Dataset section:
"""

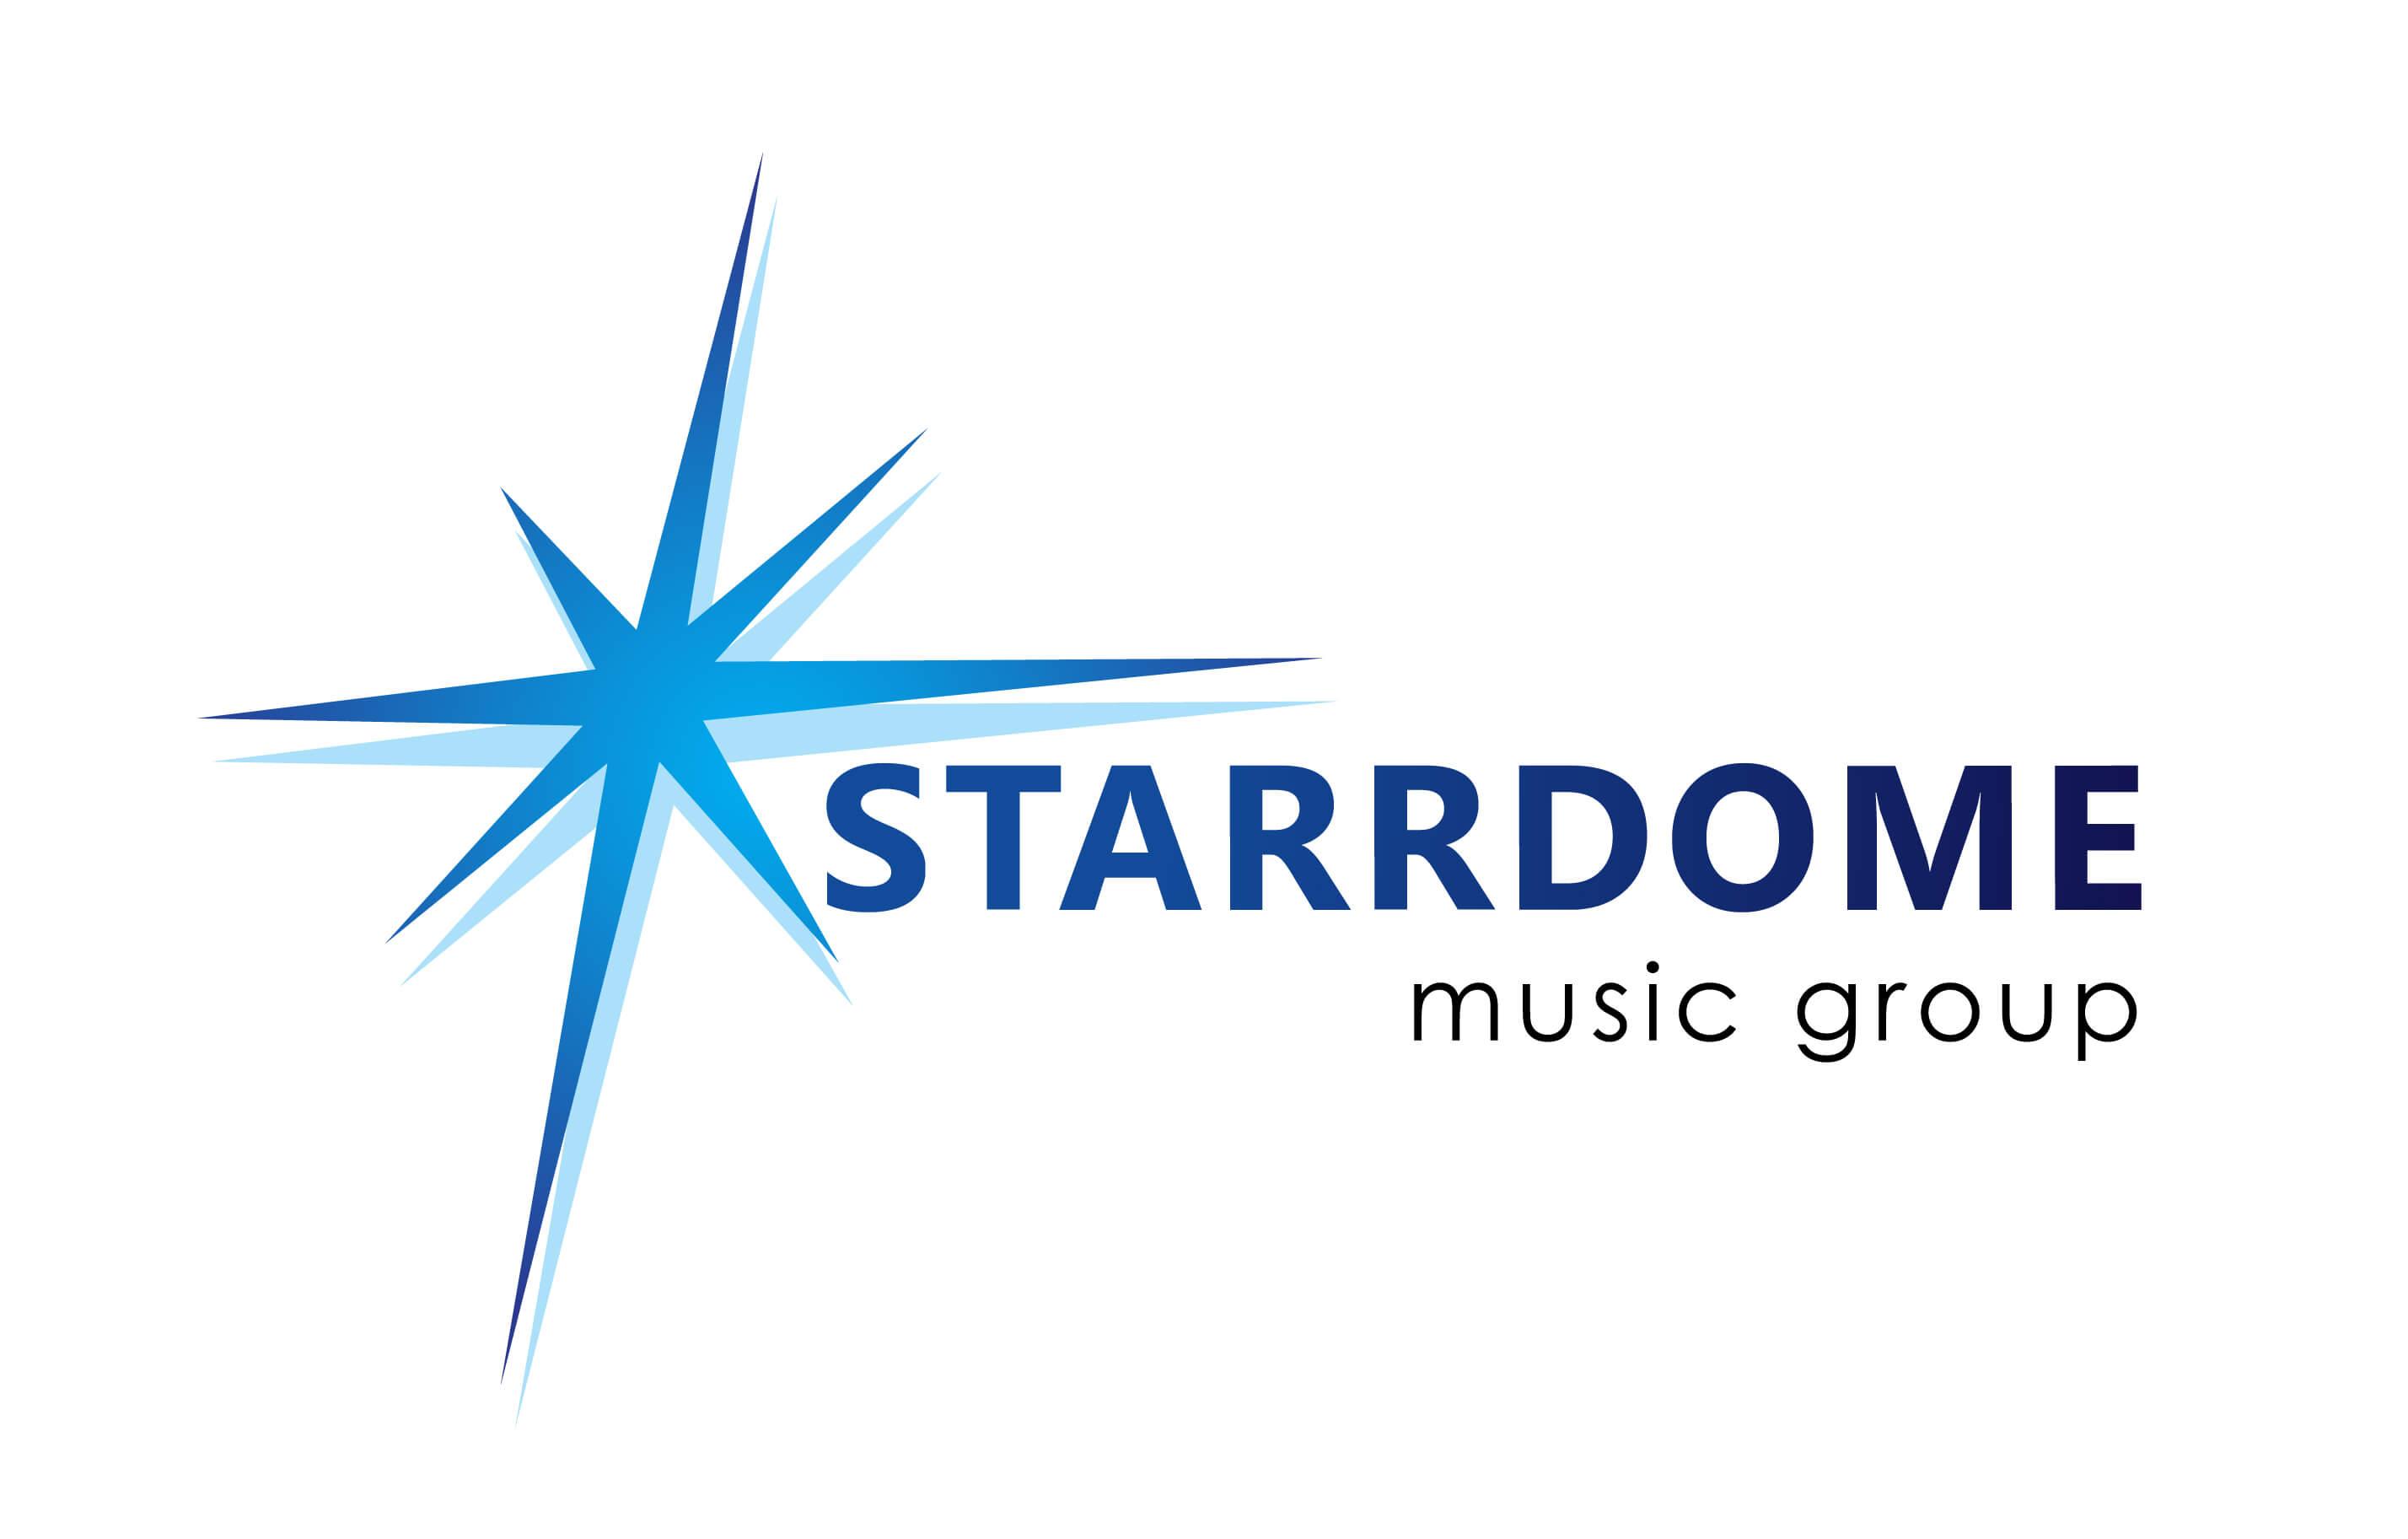 starrdome-music-group
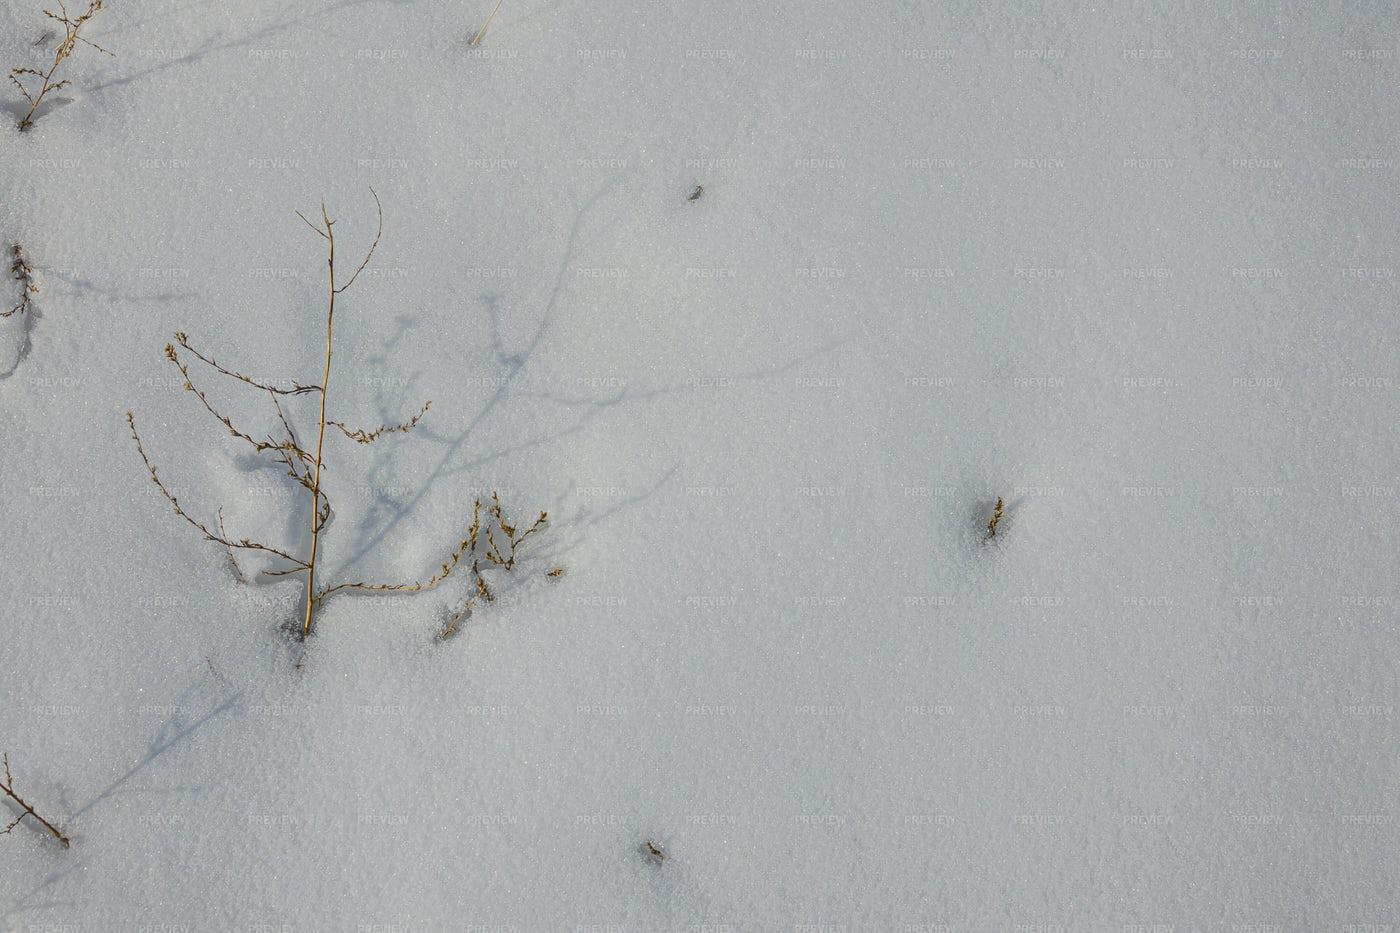 White Snow Texture With Dry Grass: Stock Photos
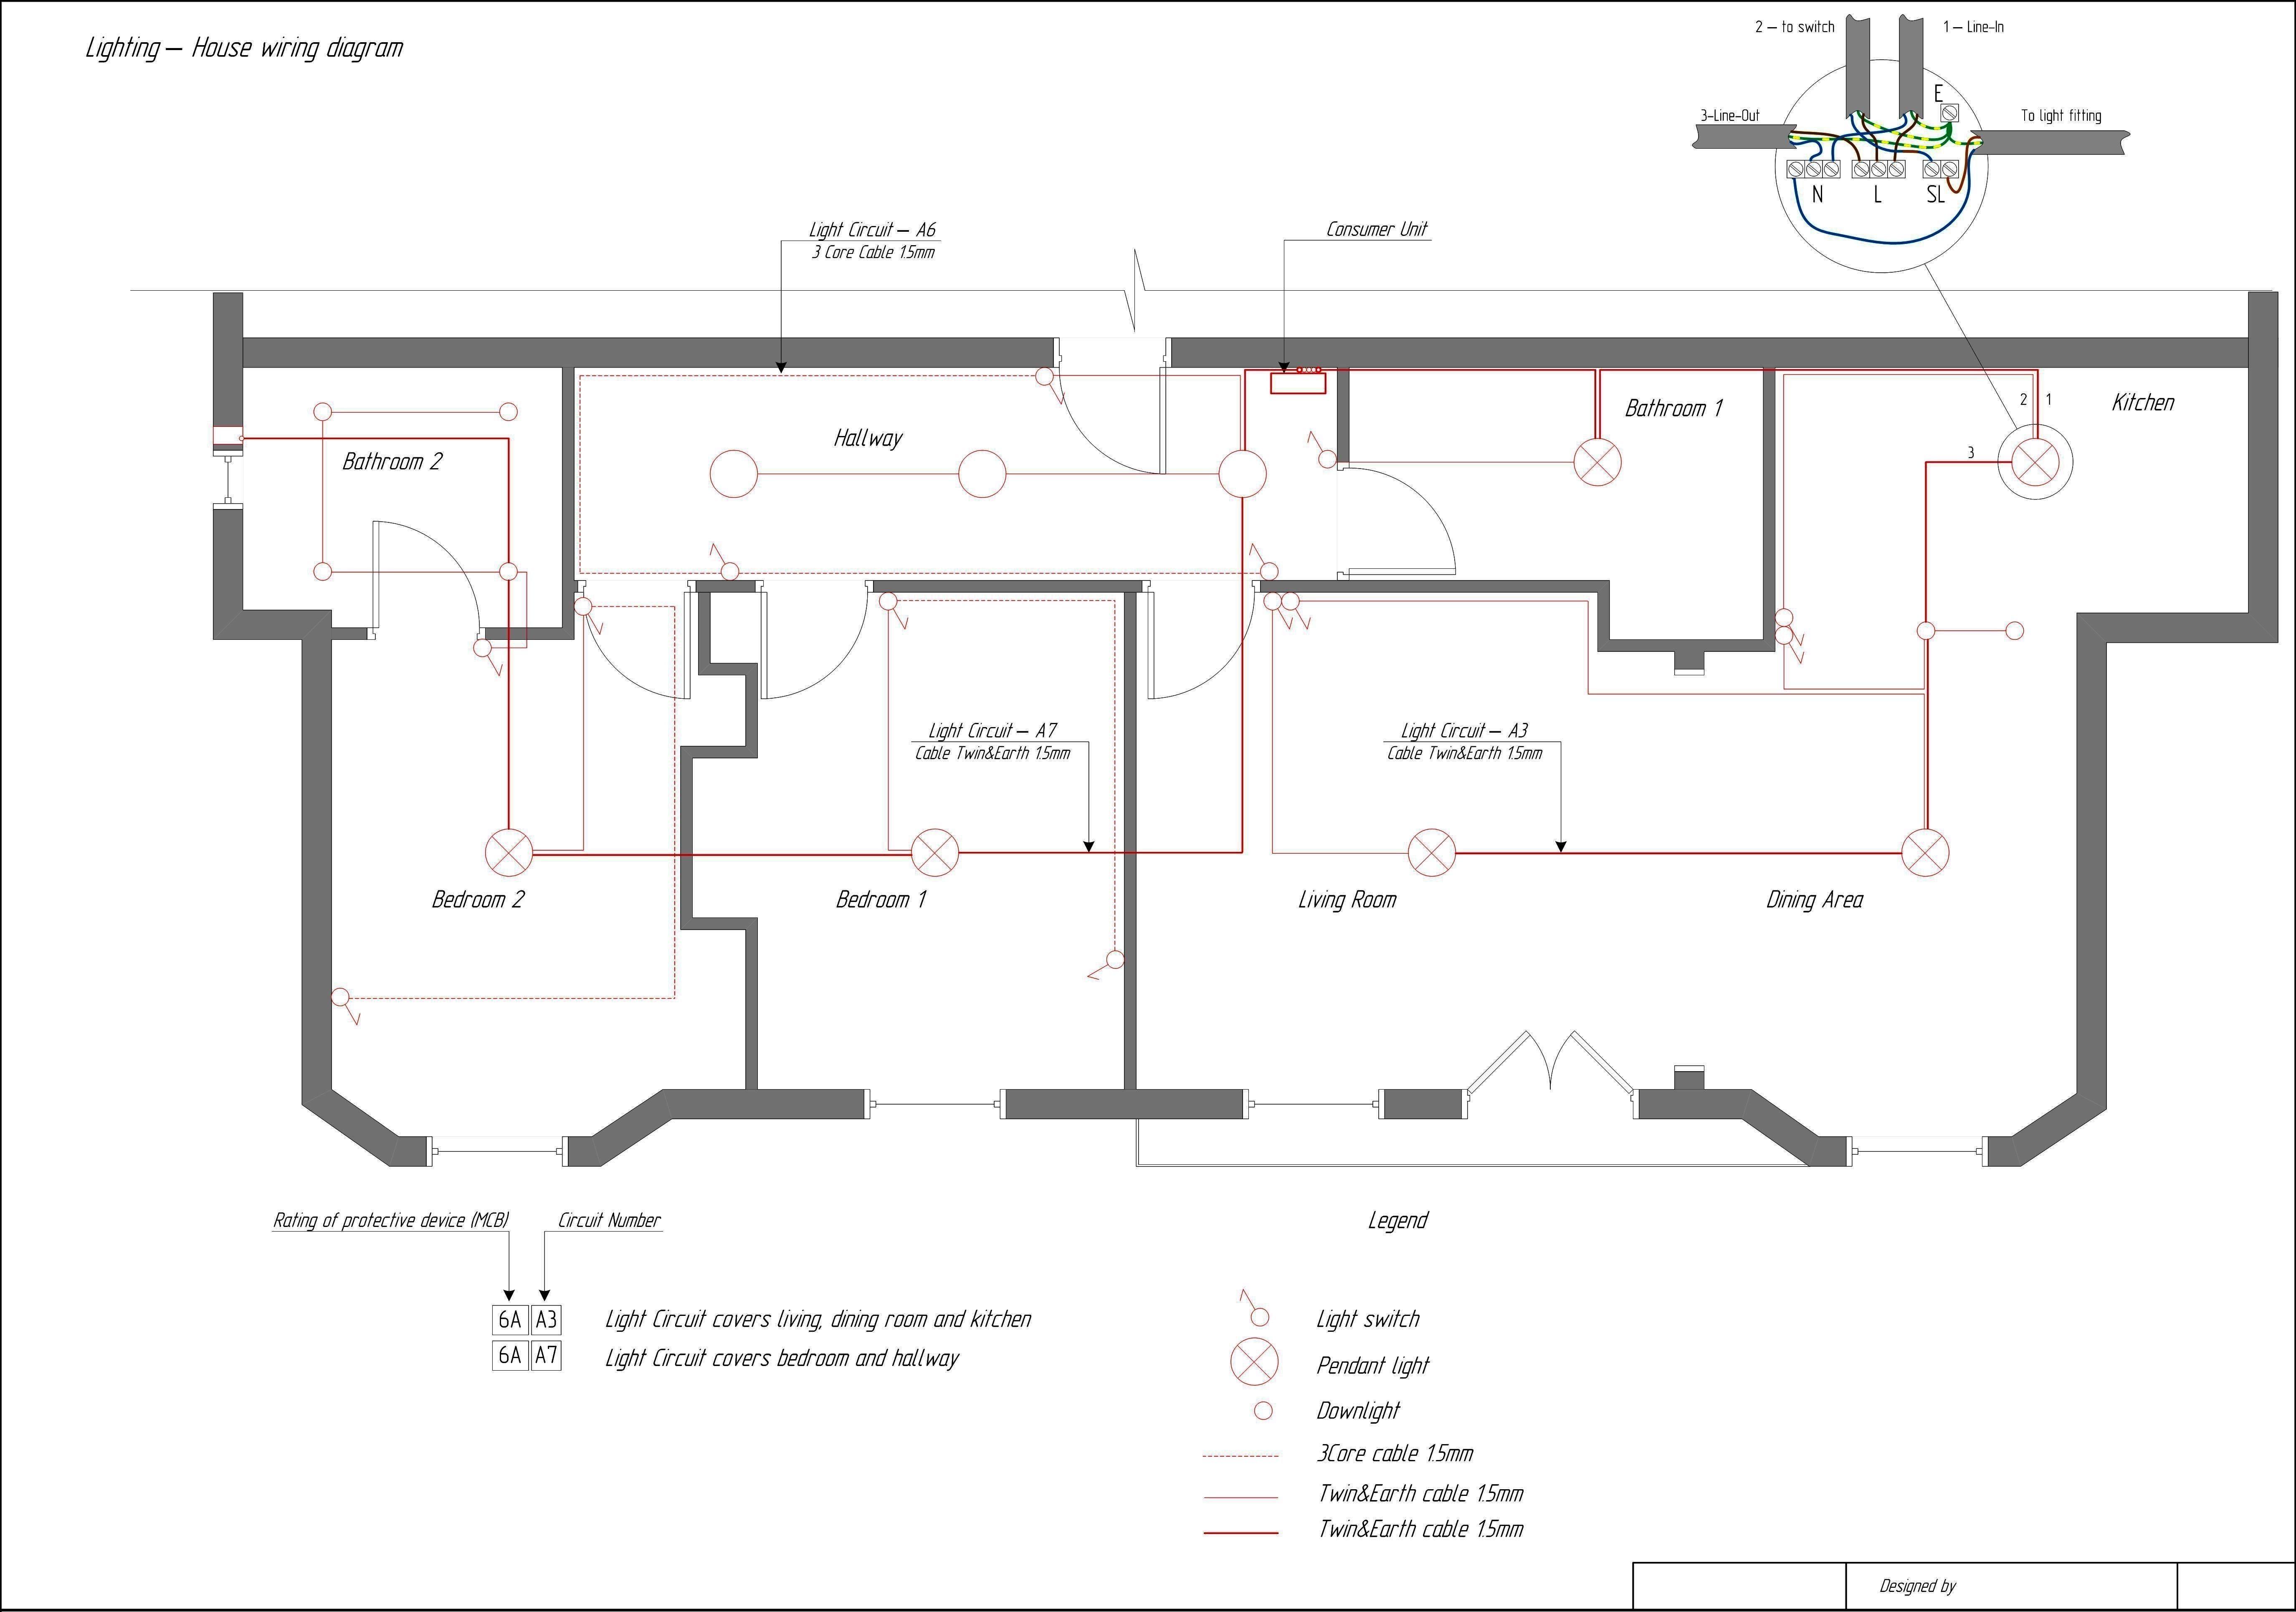 House Wiring Diagram Electrical Floor Plan 2004 2010 Bmw X3 E83 3 0d In 2020 House Wiring Home Electrical Wiring Electrical Circuit Diagram

"""

Goal of the exercise: Leaving the pictures out, print every line of the listing exactly.

Reply to the exercise:
 starrdome-music-group
 White Snow Texture With Dry Grass: Stock Photos
 House Wiring Diagram Electrical Floor Plan 2004 2010 Bmw X3 E83 3 0d In 2020 House Wiring Home Electrical Wiring Electrical Circuit Diagram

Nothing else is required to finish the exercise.